Perhaps the question isn’t explicit enough? Should there only be one instance of a Python version per title? That doesn’t make sense. Help?
The instruction reads. . .
Write a regular expression pattern which will match
python, followed by a space, followed by one or more digit characters or periods.
Emphasis added by me. You’re not dealing with this part correctly.
Oh man. Well I appreciate you pointing that out. Your emphasis helps. Maybe DQ should update the exercise?
I’m still confused though. Isn’t the point to find Python mentions and their subsequent version numbers? This DQ solution leaves one out altogether. I guess we’re supposed to solve it as explicitly as possible?
That’s right. However, where do you draw the line? Would “Python three” count? What about something like “… project in Python 3 years ago. . .”?
As a human, you can tell which should be captured as versions, and which shouldn’t. But can you really?
- They worked on this project in Python 3 years ago.
- They worked on this project in Python three years ago.
So there are two layers here:
- Regex not being powerful enough to resolve all the ambiguities
- The ambiguity not being actually resolvable
You do the best you can keeping in mind the cost/benefit.
Dang that’s a great point. So it hits a point where I should cut my losses and just use the bulk of the correct answers since we can’t sort them all without going one by one. Or using a more powerful computer (AI)?

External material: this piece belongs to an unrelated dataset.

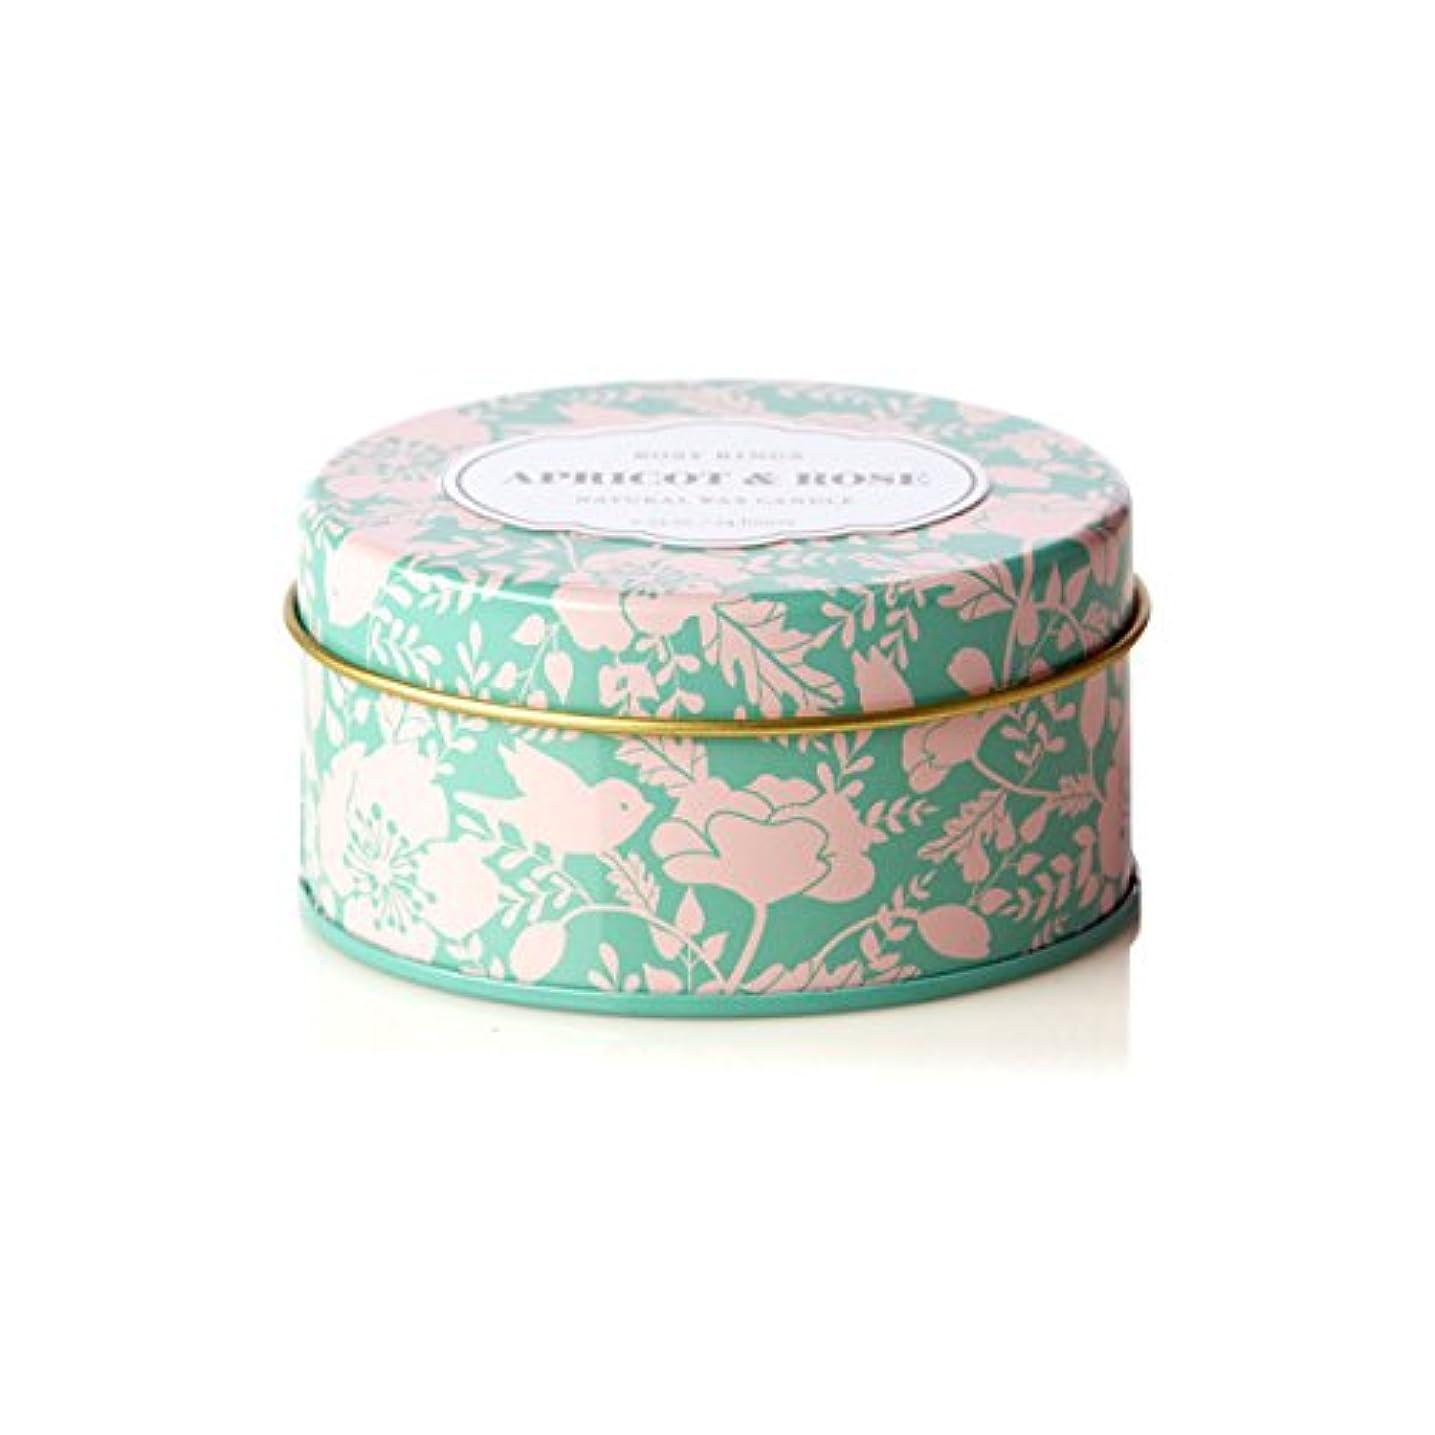 火山高潔なベリーロージーリングス トラベルティンキャンドル アプリコット&ローズ ROSY RINGS Apricot Rose Travel Tin
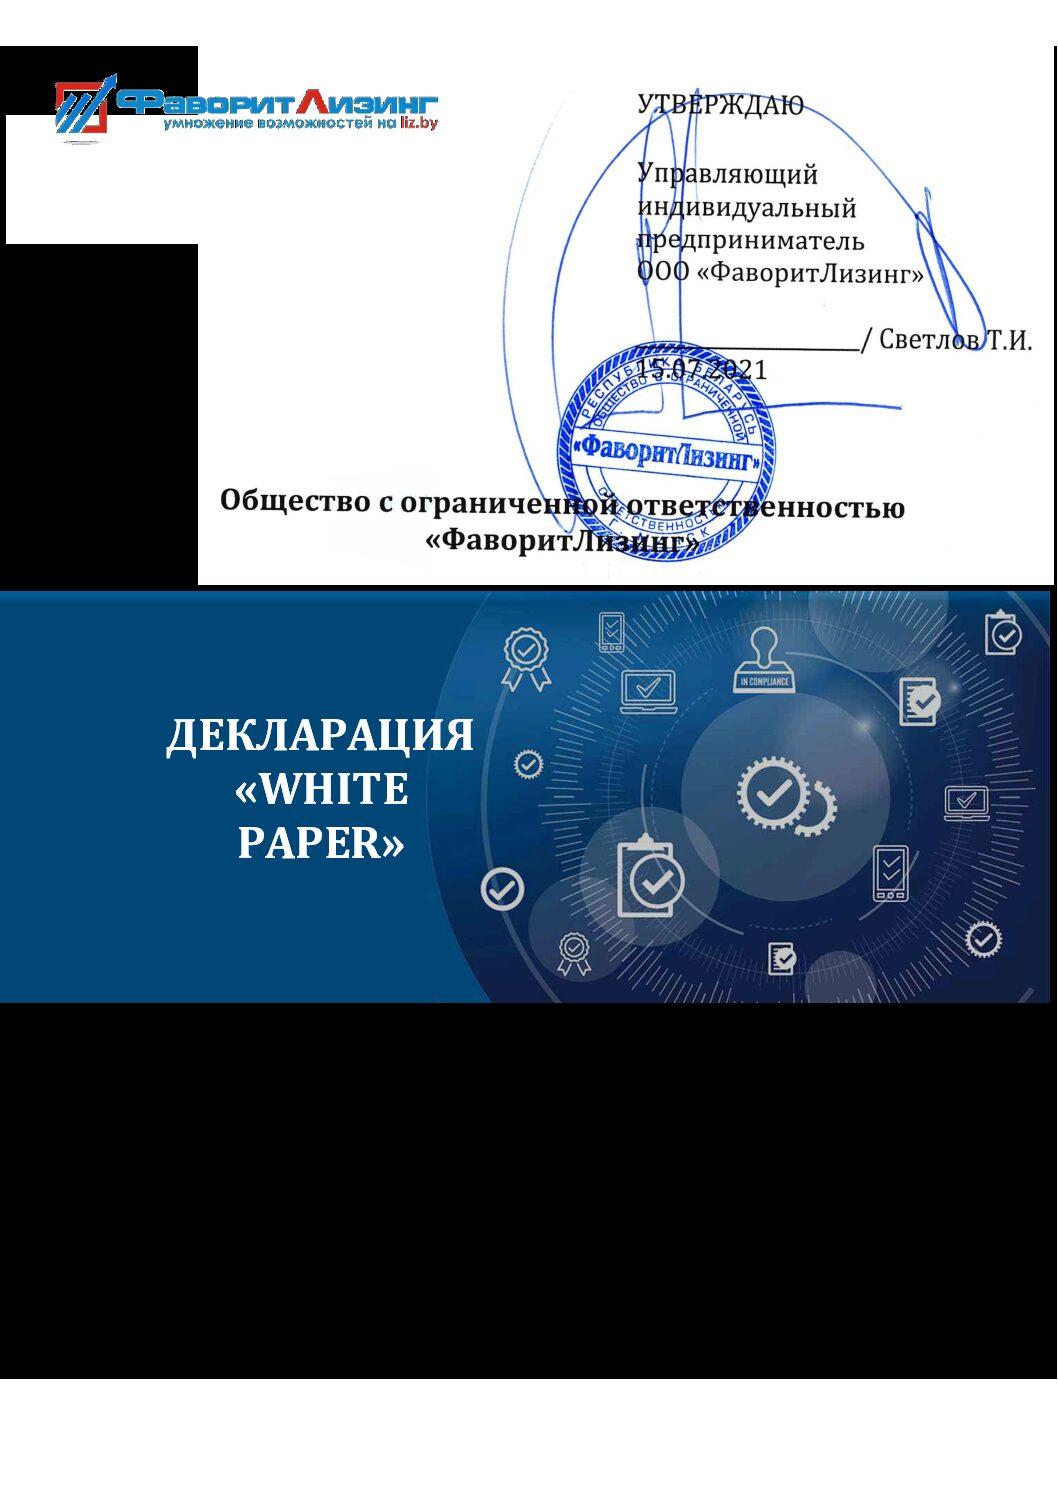 Декларация «White Paper» о создании и размещении цифровых знаков EUR_139

Using machine learning for this could potentially be a solution, but it’s not going to be often that it justifies the cost. Let’s also not forget that sometimes the title just isn’t enough, it’s objectively ambiguous in a way that can’t be resolved, no machine learning is going to be able to handle that perfectly.
Speaking of perfection, machine learning is anti-perfection by design. It just tries to be really, really good — never perfect. So you’d still miss some. What was done here is already very good, by my estimation.